» Assignment
Please copy out the full listing that follows exactly; no picture belongs in the copy.

» Data below
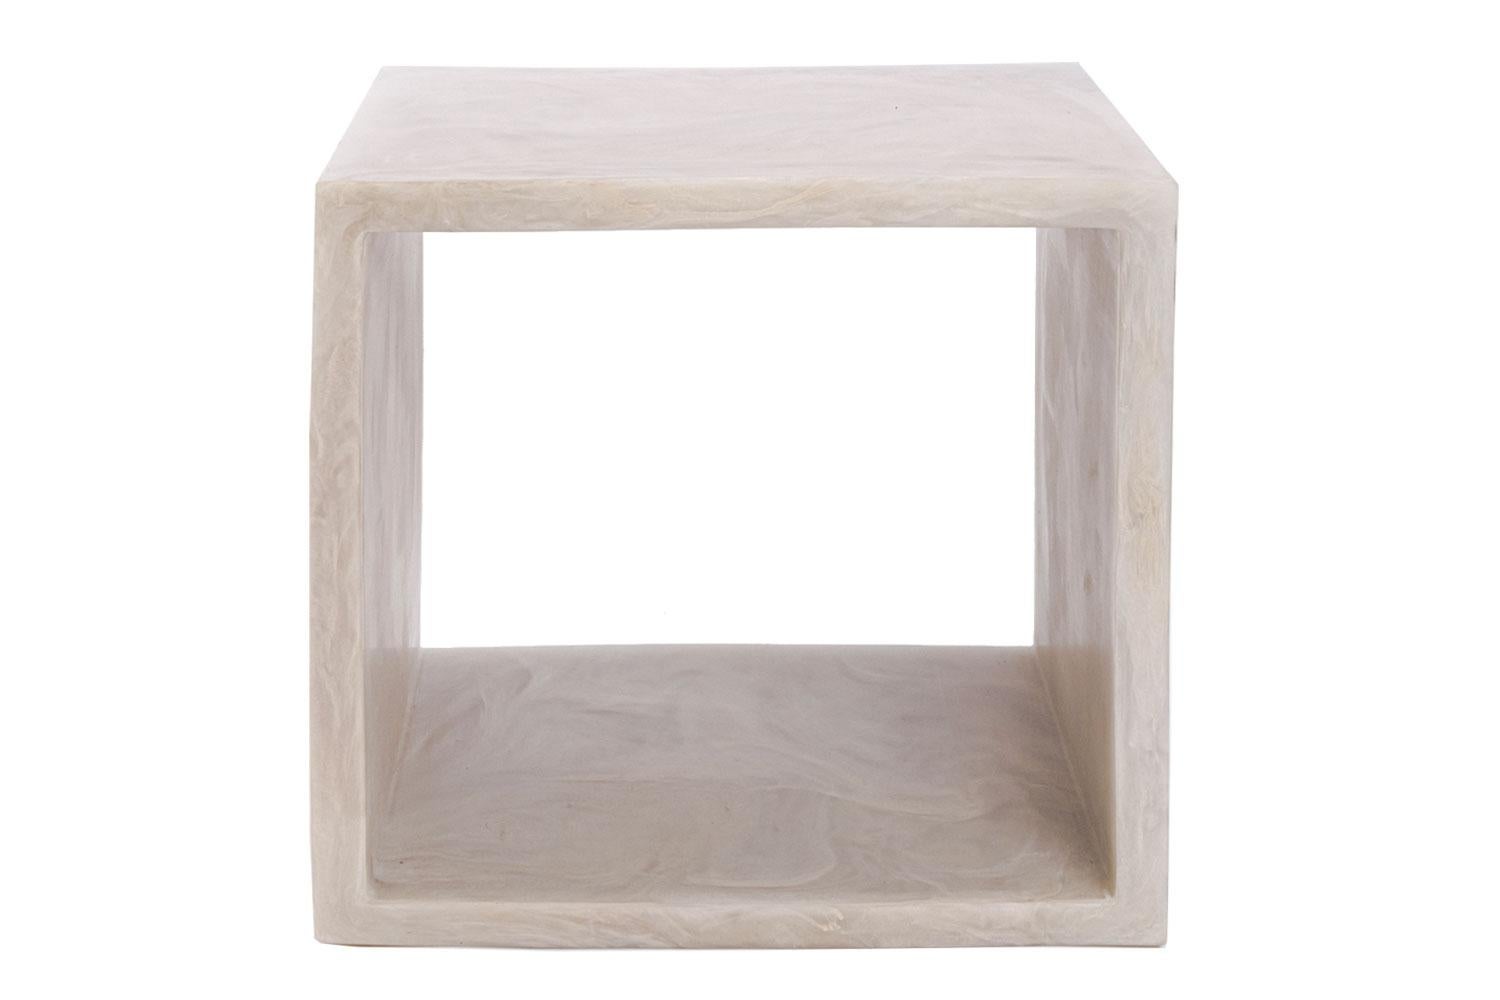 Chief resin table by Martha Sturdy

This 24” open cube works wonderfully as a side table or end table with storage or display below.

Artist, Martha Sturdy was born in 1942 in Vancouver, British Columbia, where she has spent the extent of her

» Answer section
 Chief resin table by Martha Sturdy

This 24” open cube works wonderfully as a side table or end table with storage or display below.

Artist, Martha Sturdy was born in 1942 in Vancouver, British Columbia, where she has spent the extent of her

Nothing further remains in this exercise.